The physiological ligands adp and Pi modulate the degree of intrinsic coupling in the ATP synthase of the photosynthetic bacterium rhodobacter capsulatus

In ATP synthases from several sources an uncoupling between ATP hydrolysis and proton pumping has been occasionally reported as a result of chemical modifications or mutagenesis.In the work to be presented, an intrinsic uncoupling has been found in the native, wild-type enzyme. The proton pumping and the ATP hydrolysis activities of the ATP synthase of Rb. capsulatus have been compared under the same experimental conditions, as a function of ADP and Pi concentration. The ADP concentrations were clamped in the steady state by coupling the ATP hydrolysis to the pyruvate kinase reaction.

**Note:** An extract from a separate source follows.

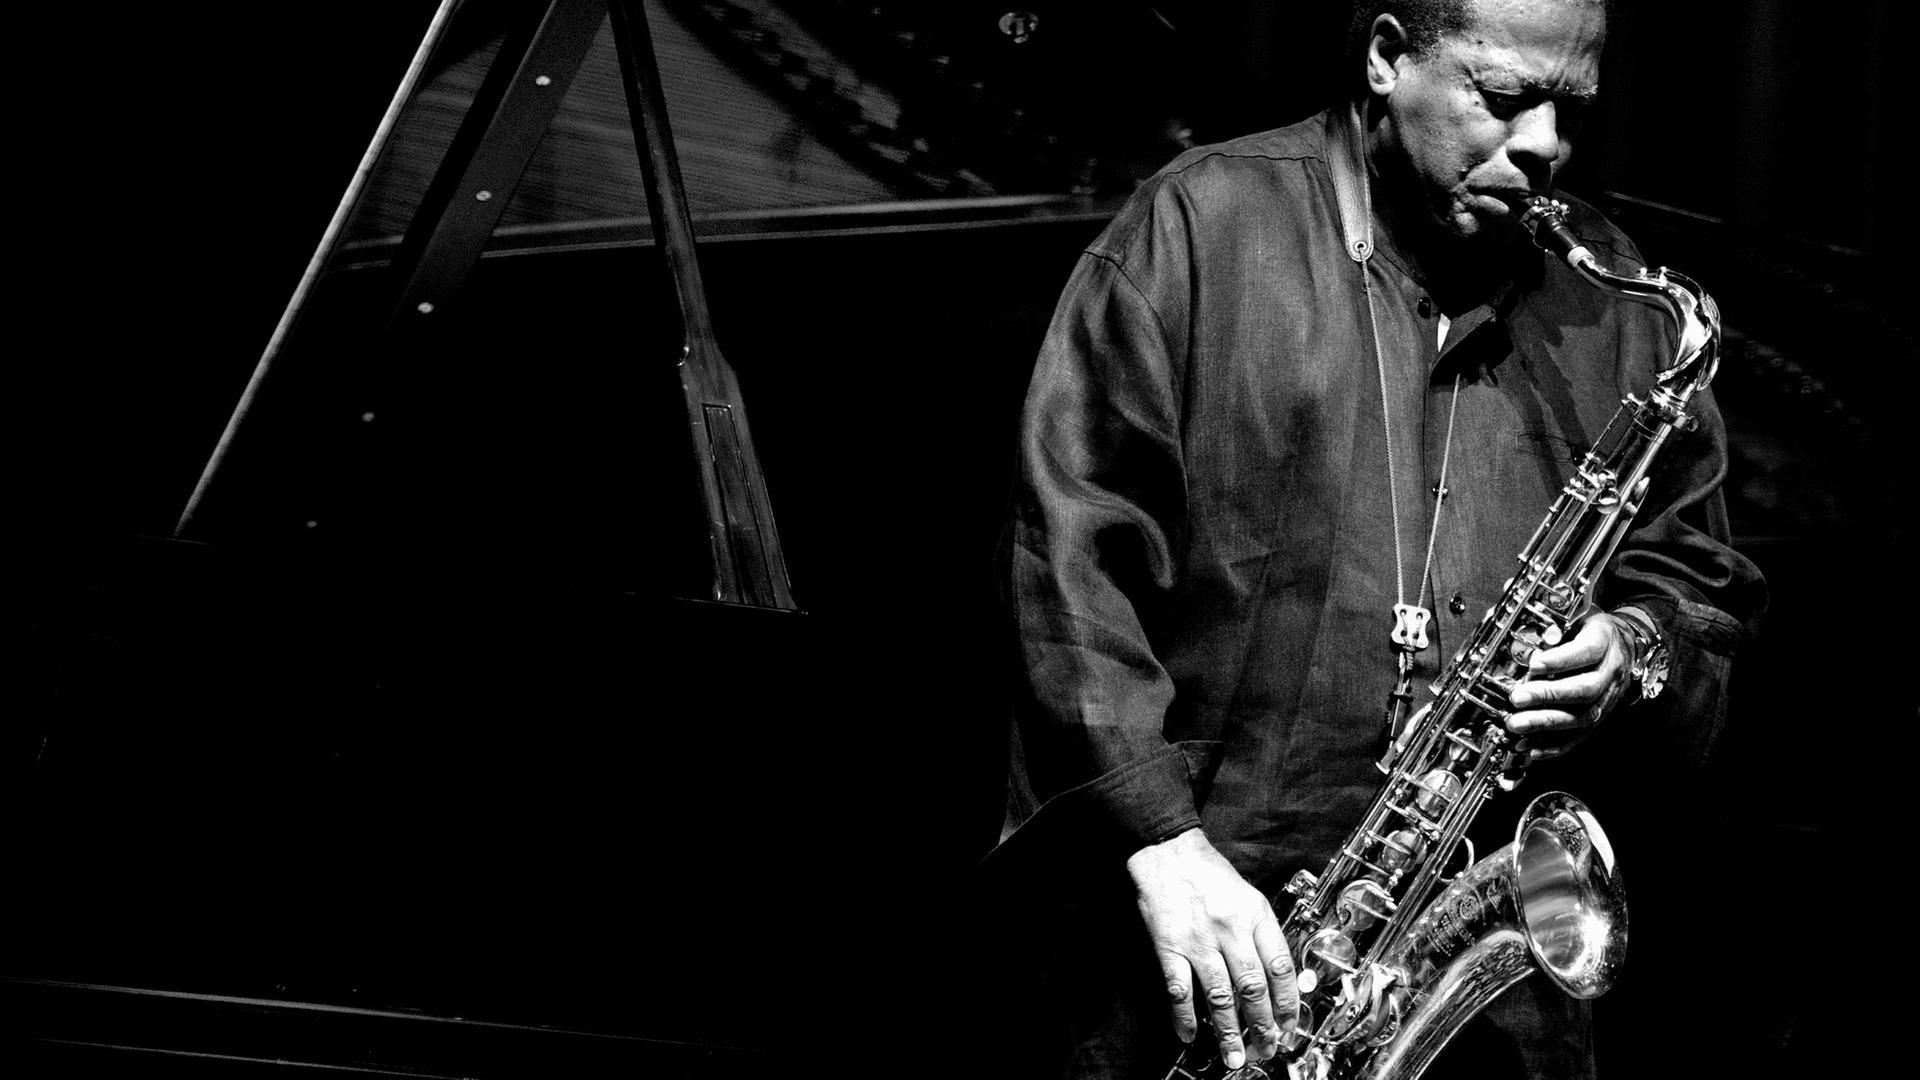 Der Jazz-Komponist und Saxofonist Wayne Shorter auf der Bühne bei einem Konzert, 2011.

The proton pumping was measured either with the pH difference probe ACMA or with the electric potential difference probe oxonol VI, obtaining consistent results. The comparison indicates that an intrinsic uncoupling of ATP synthase is induced when the concentration of either ligand is decreased. The half-maximal effect was found in the submicromolar range for ADP and at about 70 AM for Pi (at pH 8). These data indicate that a switching from a partially uncoupled state of ATP synthase to the coupled state is induced by the simultaneous binding of ADP and Pi. It is proposed that this switching could correspond to the position switching of the C-terminal alpha-helix hairpin of the epsilon subunit from FO(‘‘down-state’’) to F1 to (‘‘up-state’’).